What may influence the total transaction time?

My setup code is:

   // Set up scatter gather processing to unpack 18 bit samples from DMA
   // buffer into 32 bit sample block
   uint8_t *byteSource = reinterpret_cast<uint8_t *>(sDMARxBuffer);
   size_t taskIdx = 0;

   while (*inputNums && taskIdx < 8)
      {
      size_t srcByteOffset = (*inputNums - 1) * 18 / 8;

      ++inputNums;
      sSampleXferTable[taskIdx] = uDMATaskStructEntry(
         3, UDMA_SIZE_8,
         UDMA_SRC_INC_8, byteSource + srcByteOffset,
         UDMA_DST_INC_8, sSamplesUnpackBuffer + taskIdx,
         UDMA_ARB_2,
         !*inputNums ? UDMA_MODE_AUTO : UDMA_MODE_MEM_SCATTER_GATHER
         );
      ++taskIdx;
      }

   IntRegister(UDMA_INT_SW, CommitSamples);
   IntEnable(UDMA_INT_SW);
   uDMAChannelAttributeEnable(UDMA_CHANNEL_SW, 0);

   // Give scatter gather DMA processing high priority
   UDMA_PRIOSET_R = 1 << UDMA_CHANNEL_SW;

   // Set up unpack pointers
   uDMAChannelScatterGatherSet(UDMA_CHANNEL_SW, 8, sSampleXferTable, 0);

Is there another way I could solve this problem? One possibility is overlapping the ADC unloading and sample unpacking uDMA processes, but I haven't had much success in making that work.

over 6 years ago

0 Bob Crosby over 6 years ago

TI__Guru 72500 points

Unpacking using scatter/gather will not be very efficient. Since the number of samples is dynamic, you spend the CPU time setting up the task list. Then for every 3 bytes you transfer, you have an additional 3 cycles of uDMA memory to peripheral transfers to load the next task.

Have you considered using Peripheral Scatter-Gather to copy from the SSI to separate memory arrays for each channel? That way, the transfer and unpack happens while the SSI is receiving the next data.

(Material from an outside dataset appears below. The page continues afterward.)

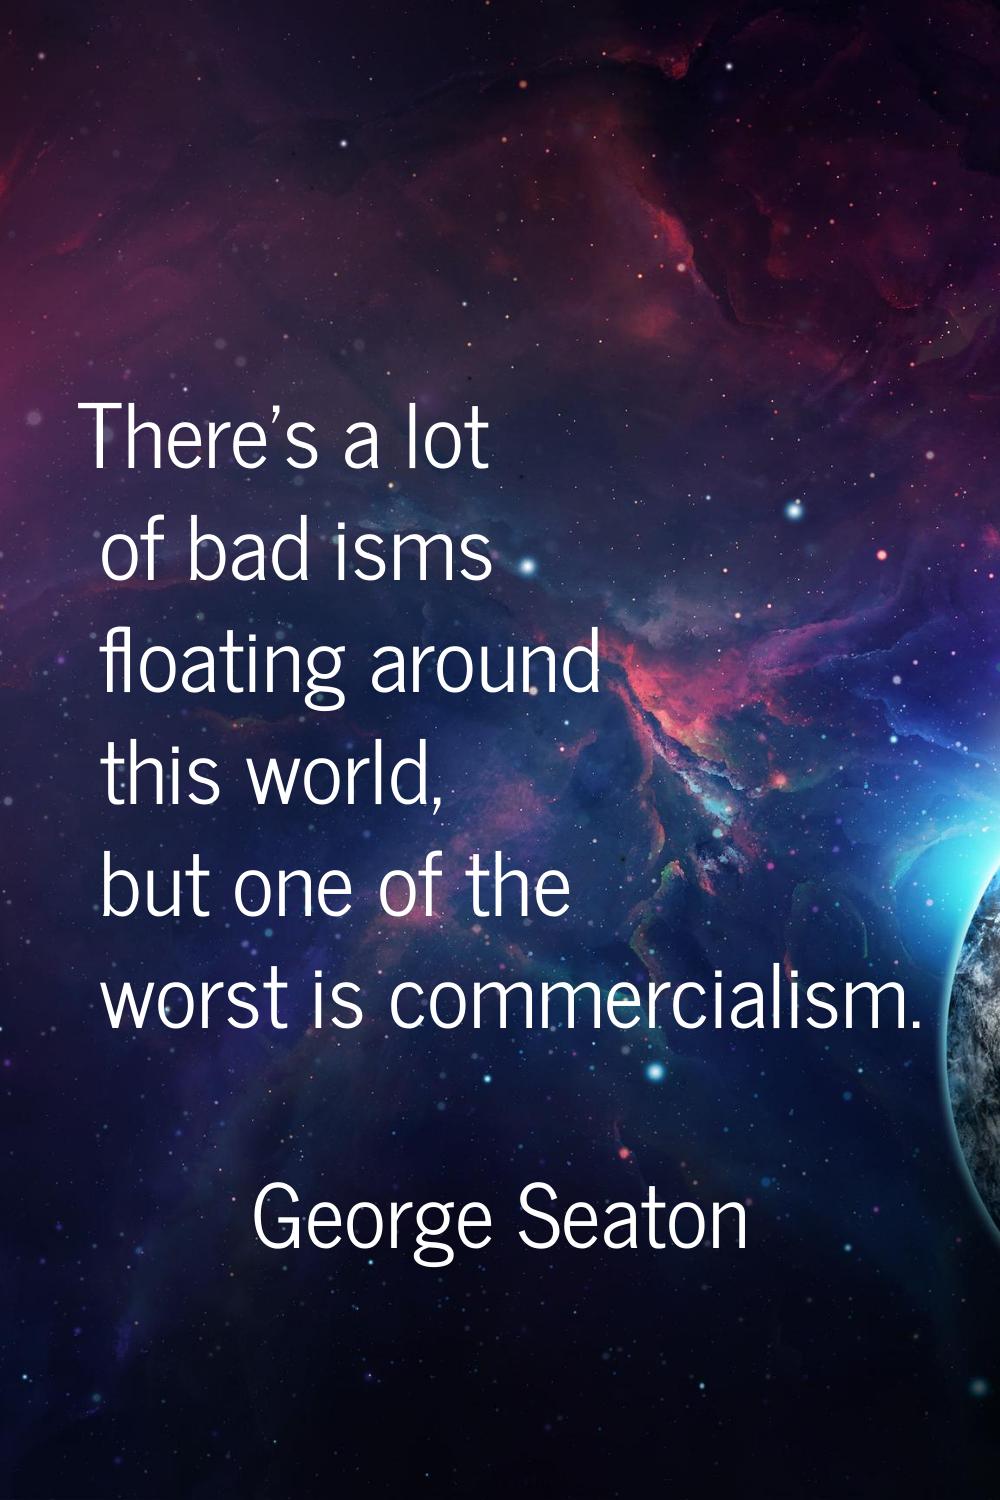 There's a lot of bad isms floating around this world, but one of the worst is commercialism.
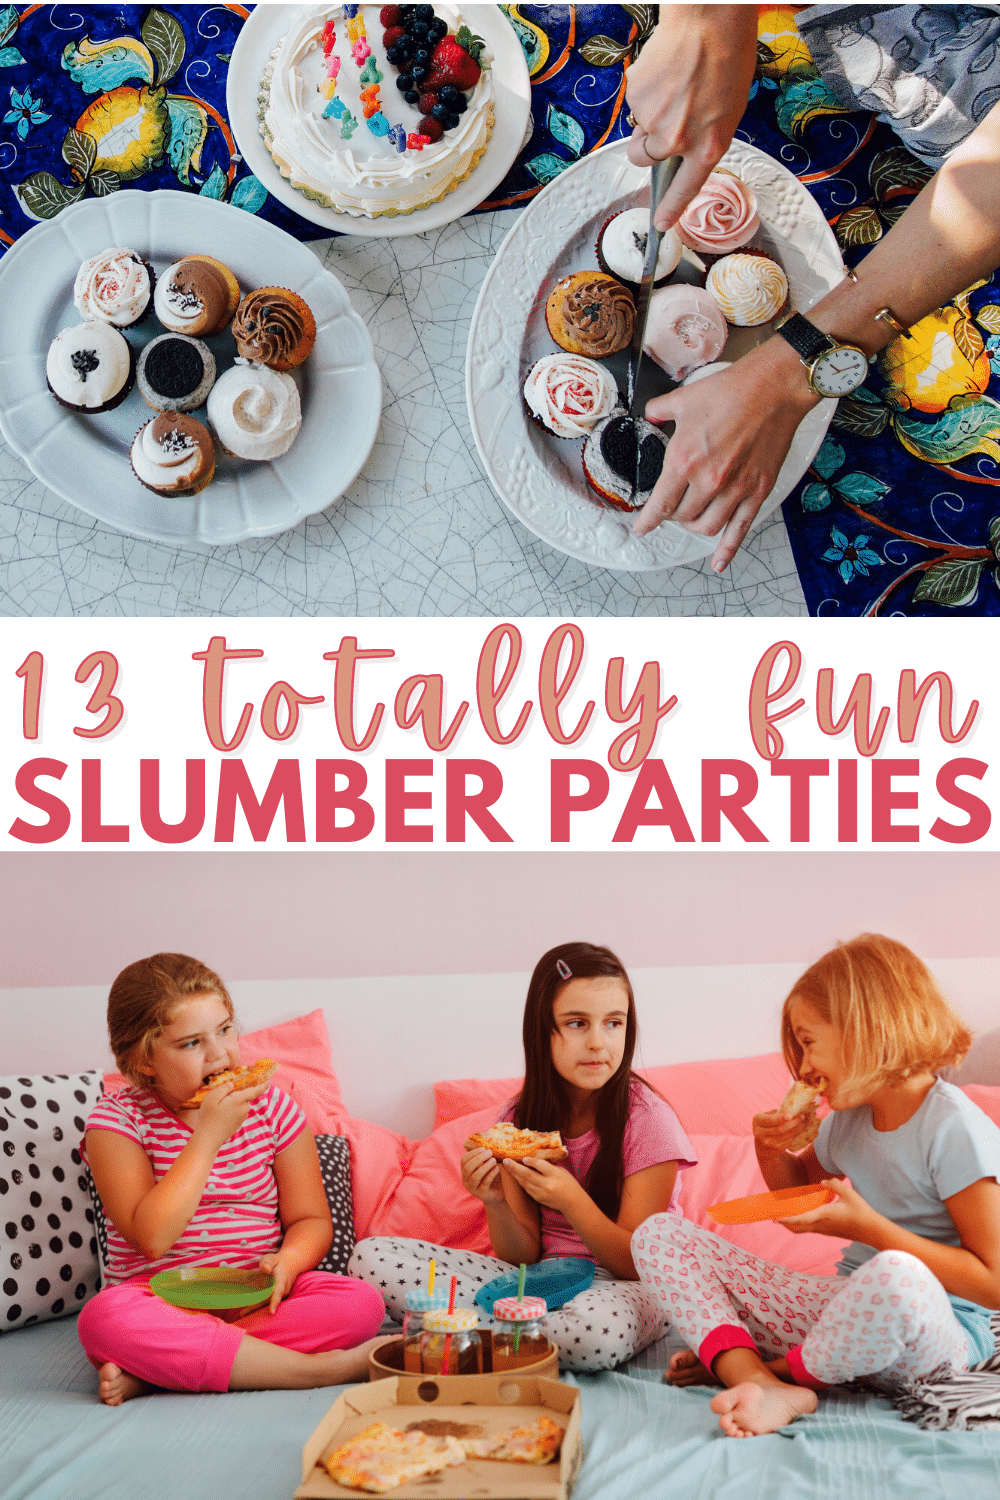 Really fun slumber party ideas to turn any sleepover into a night to remember! Choose one theme or combine several for a variety-filled evening. So many good suggestions! #sleepover #slumberparty #birthdays via @wondermomwannab

0 Peter Jaquiery over 6 years ago in reply to Bob Crosby

Intellectual 635 points

Hi Bob,

the setup only happens once at start sampling time when I know which channels are required so the setup overhead is pretty much irrelevant. CPU overhead per sample block is in a couple of interrupt handlers:

void UnpackSamples()
   {
   // Interrupt handler for SSI1 uDMA following DMA transfer.
   SetRGBLed(BLULed | GRNLed);

   // Debugging
   ++*sSampleTxBuffer;

   // Clean up after SSI1 transfer
   SSIDMADisable(SSI1_BASE, SSI_DMA_TX | SSI_DMA_RX);
   SSI1_ICR_R = SSI1_RIS_R; // Clear the pending interrupts

   // Reset DMA interrupts to allow next transfer to happen
   SSI1_DMACTL_R &= ~(SSI_DMA_TX | SSI_DMA_RX);

   // Release the ADC chip select
   *(GPIO_PORTB_AHB_DATA_BITS_R + ADC_CS_BIT) = ADC_CS_BIT;

   // Kick off the sample unpack and commit processing
   uDMAChannelScatterGatherSet(UDMA_CHANNEL_SW, 8, sSampleXferTable, 0);
   NVIC_EN1_R |= 1 << (44 - 32); // Enable the uDMA SW interrupt
   UDMA_ENASET_R |= 1 << UDMA_CHANNEL_SW;
   UDMA_SWREQ_R = 1 << UDMA_CHANNEL_SW;
   SetRGBLed(GRNLed);
   }


void CommitSamples()
   {
   SetRGBLed(BLULed);
   NVIC_UNPEND1_R = 1 << (44 - 32); // Clear pending uDMA SW interrupt
   NVIC_DIS1_R = 1 << (44 - 32); // and disable it

   int32_t *to = gSampleBuffer->mBuffer[gSampleBuffer->mNextIn].mChanSamples;
   int32_t *from = sSamplesUnpackBuffer;

   *to++ = (*from++ << 14) & 0xFFFFC000;
   *to++ = (*from++ << 12) & 0xFFFFC000;
   *to++ = (*from++ << 10) & 0xFFFFC000;
   *to++ = (*from++ <<  8) & 0xFFFFC000;
   *to++ = (*from++ << 14) & 0xFFFFC000;
   *to++ = (*from++ << 12) & 0xFFFFC000;
   *to++ = (*from++ << 10) & 0xFFFFC000;
   *to   = (*from   <<  8) & 0xFFFFC000;

   // Commit the new sample to the sample buffer
   if (++gSampleBuffer->mNextIn >= kSampleBufferSize)
      gSampleBuffer->mNextIn = 0;

   if (gSampleBuffer->mNextOut == gSampleBuffer->mNextIn)
      // There's been a buffer overflow. Drop the oldest sample.
      if (    gSampleBuffer->mNextOut == gSampleBuffer->mNextIn
         && ++gSampleBuffer->mNextOut >= kSampleBufferSize
         )
         gSampleBuffer->mNextOut = 0;

   SetRGBLed(LEDSOff);
   }

which run in about 1.5 us each with local optimization for speed tuned on.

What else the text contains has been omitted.